**RECORDS**

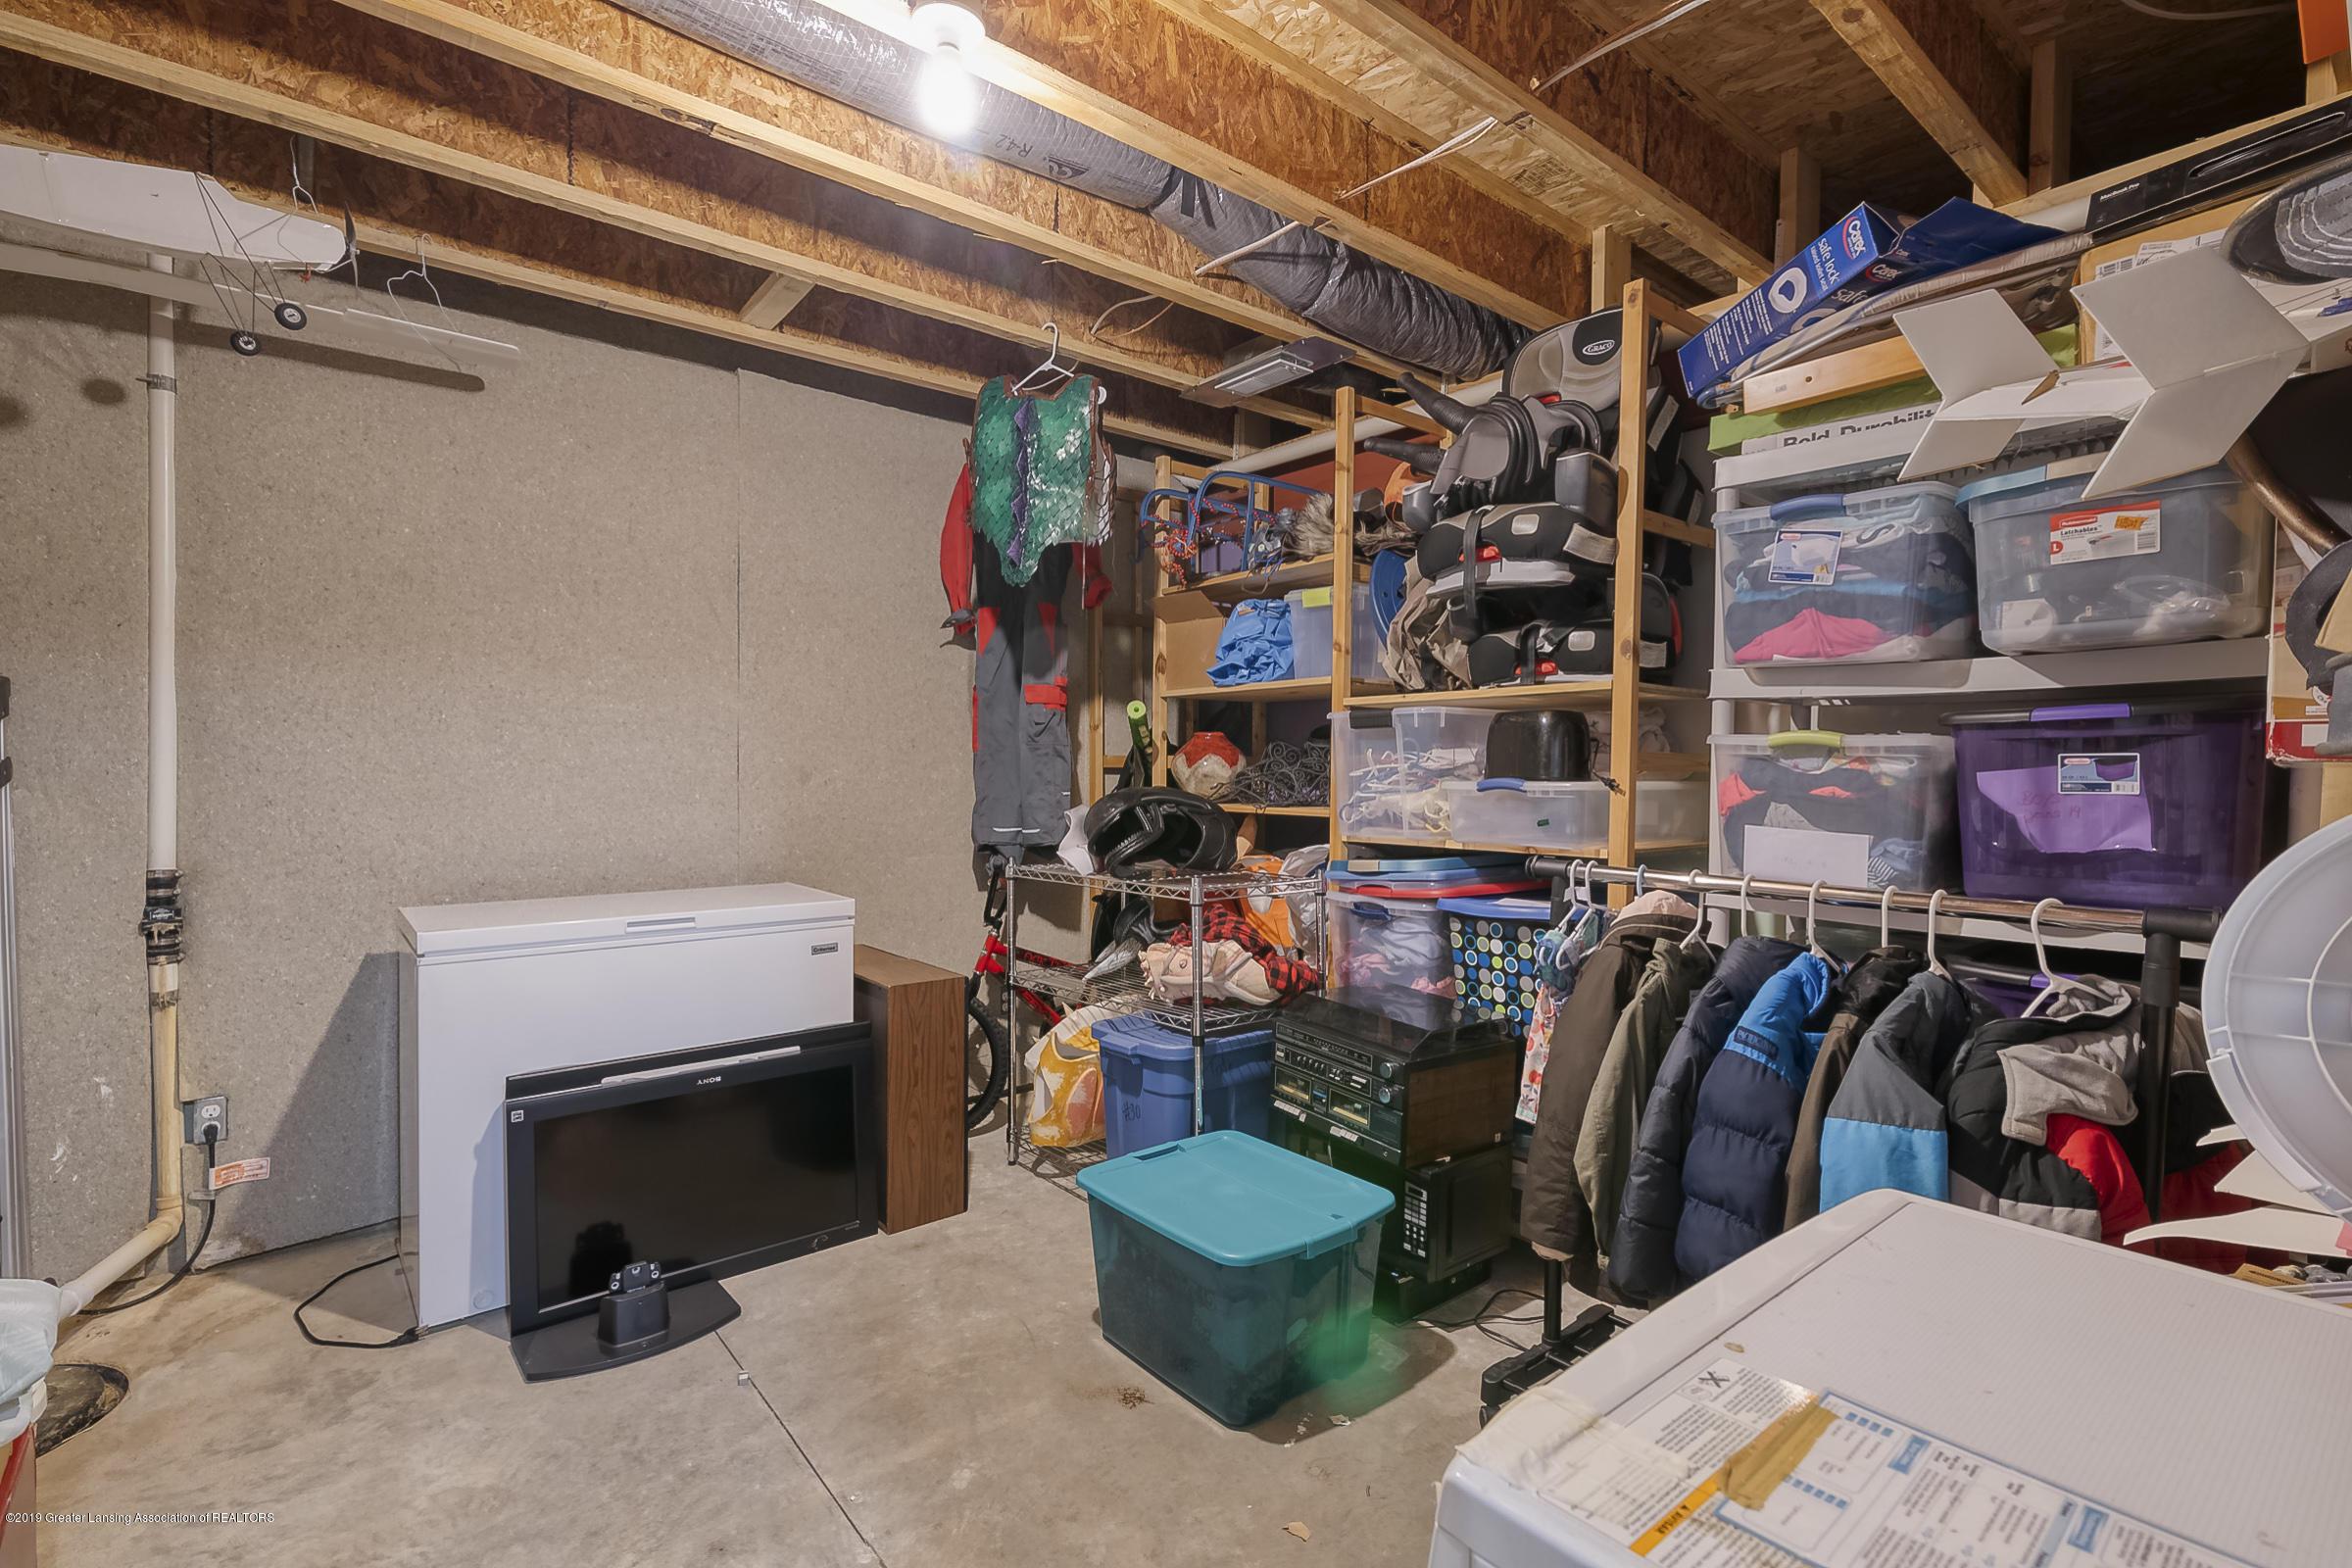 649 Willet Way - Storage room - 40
==
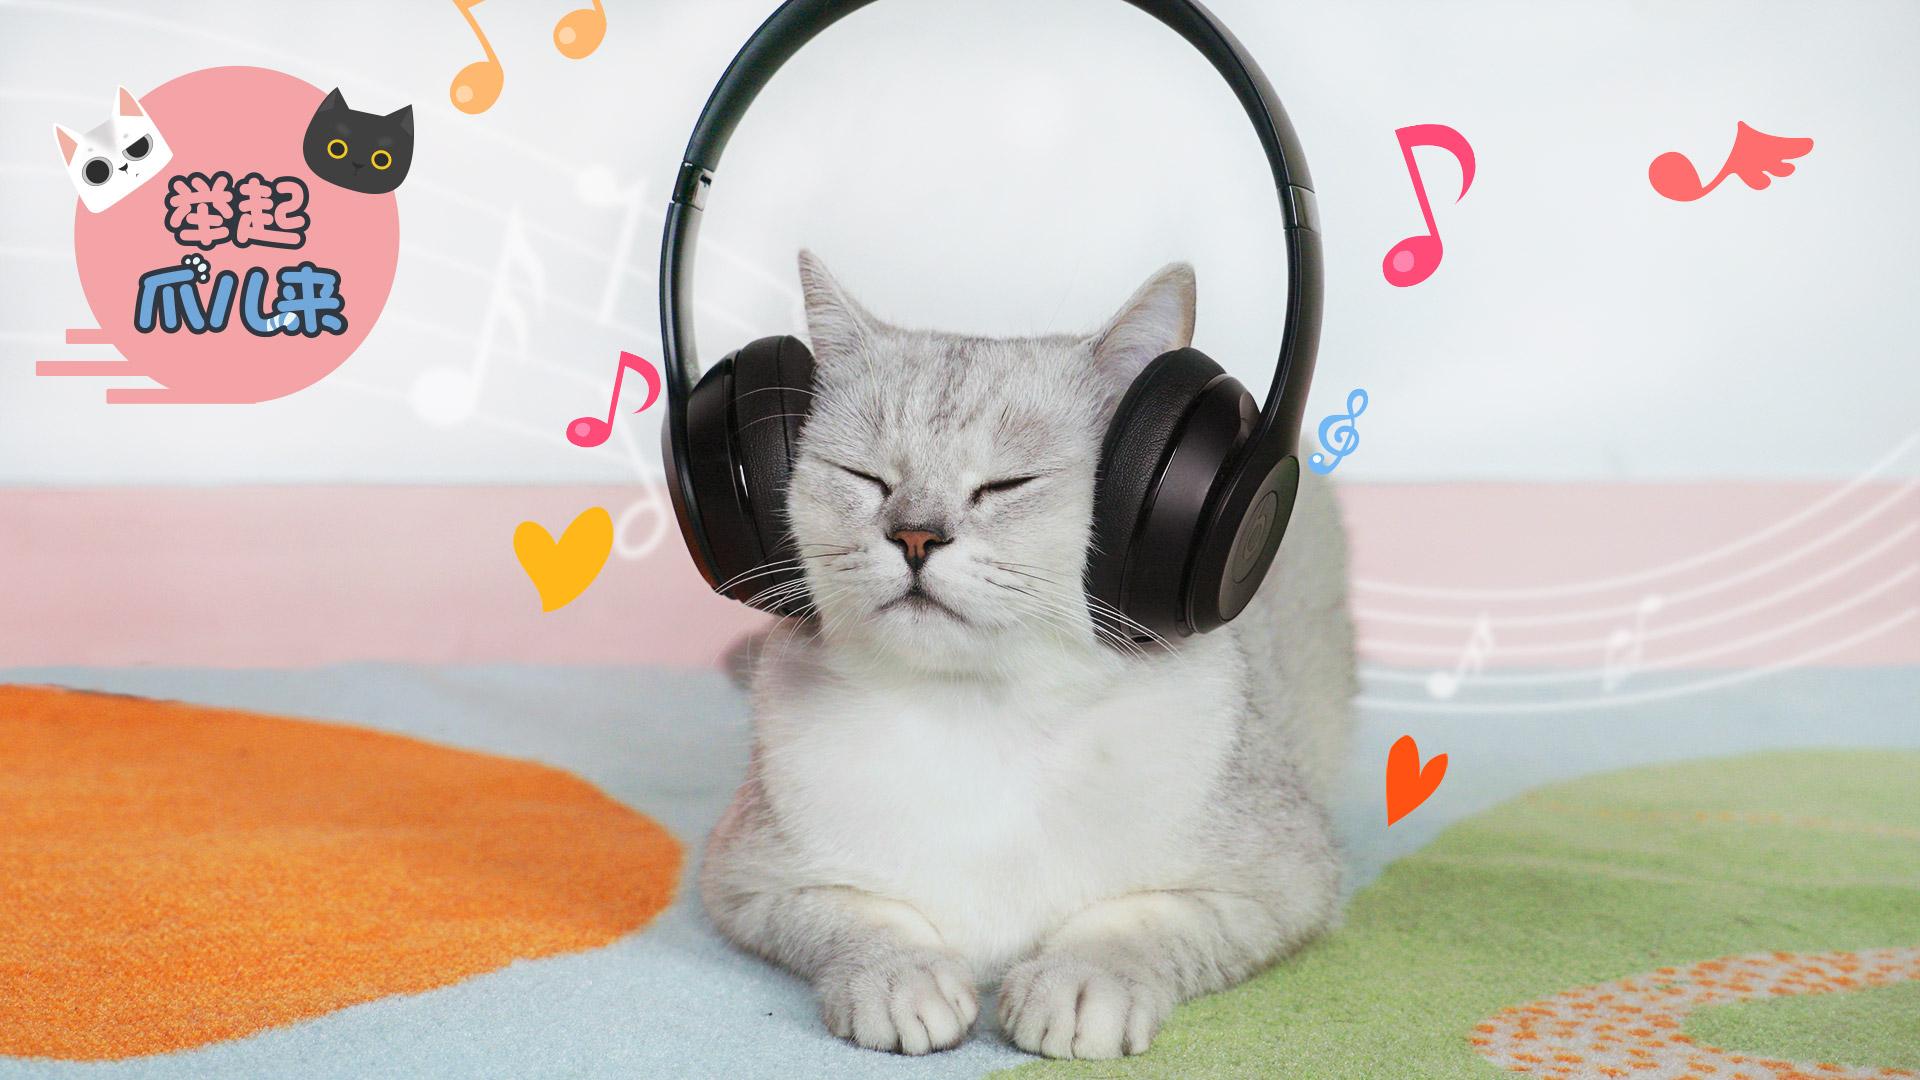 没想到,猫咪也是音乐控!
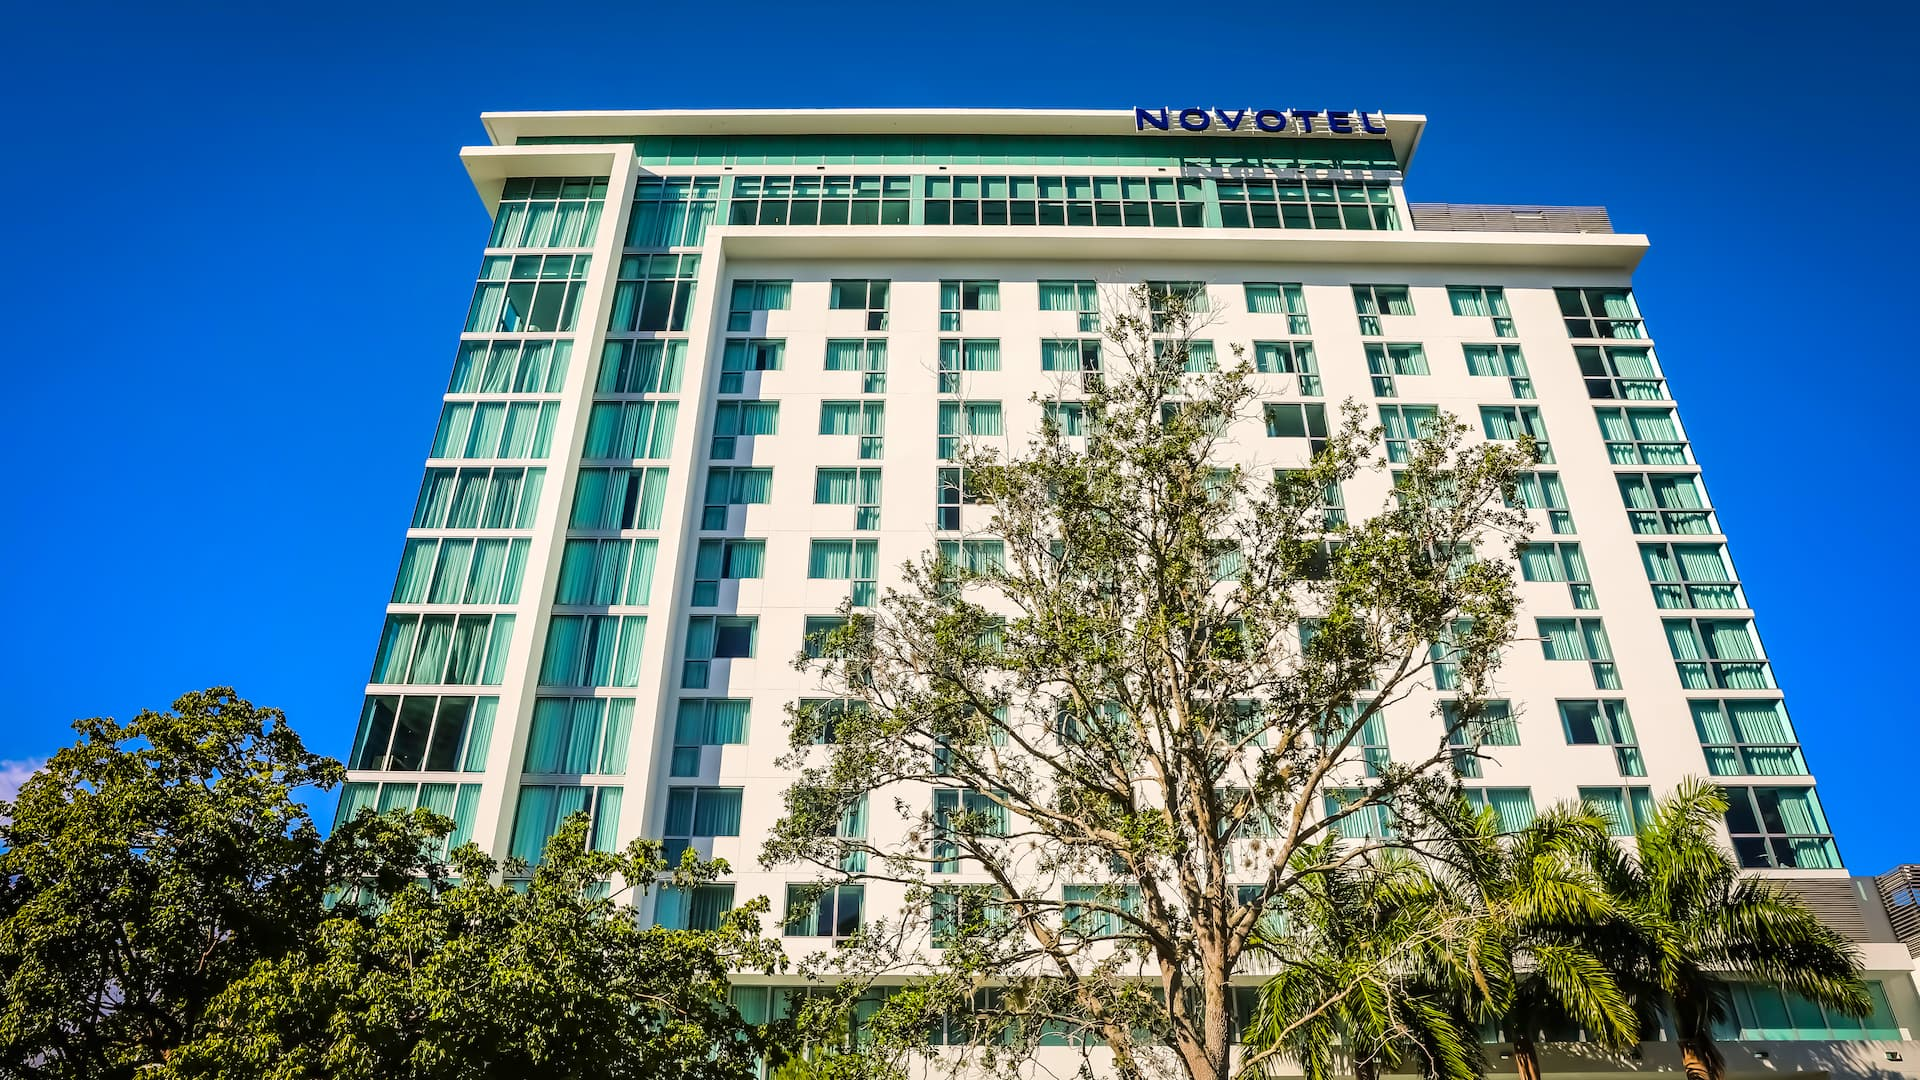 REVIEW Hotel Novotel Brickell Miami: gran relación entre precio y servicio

**ABOUT THIS TASK**
Only one part of the listing is wanted: the lines from the one containing "没想到,猫咪也是音乐控!" through the one containing "REVIEW Hotel Novotel", both included. Please transcribe it exactly, leaving out the pictures.

**ANSWER TO THE PROBLEM**
 没想到,猫咪也是音乐控!
 REVIEW Hotel Novotel Brickell Miami: gran relación entre precio y servicio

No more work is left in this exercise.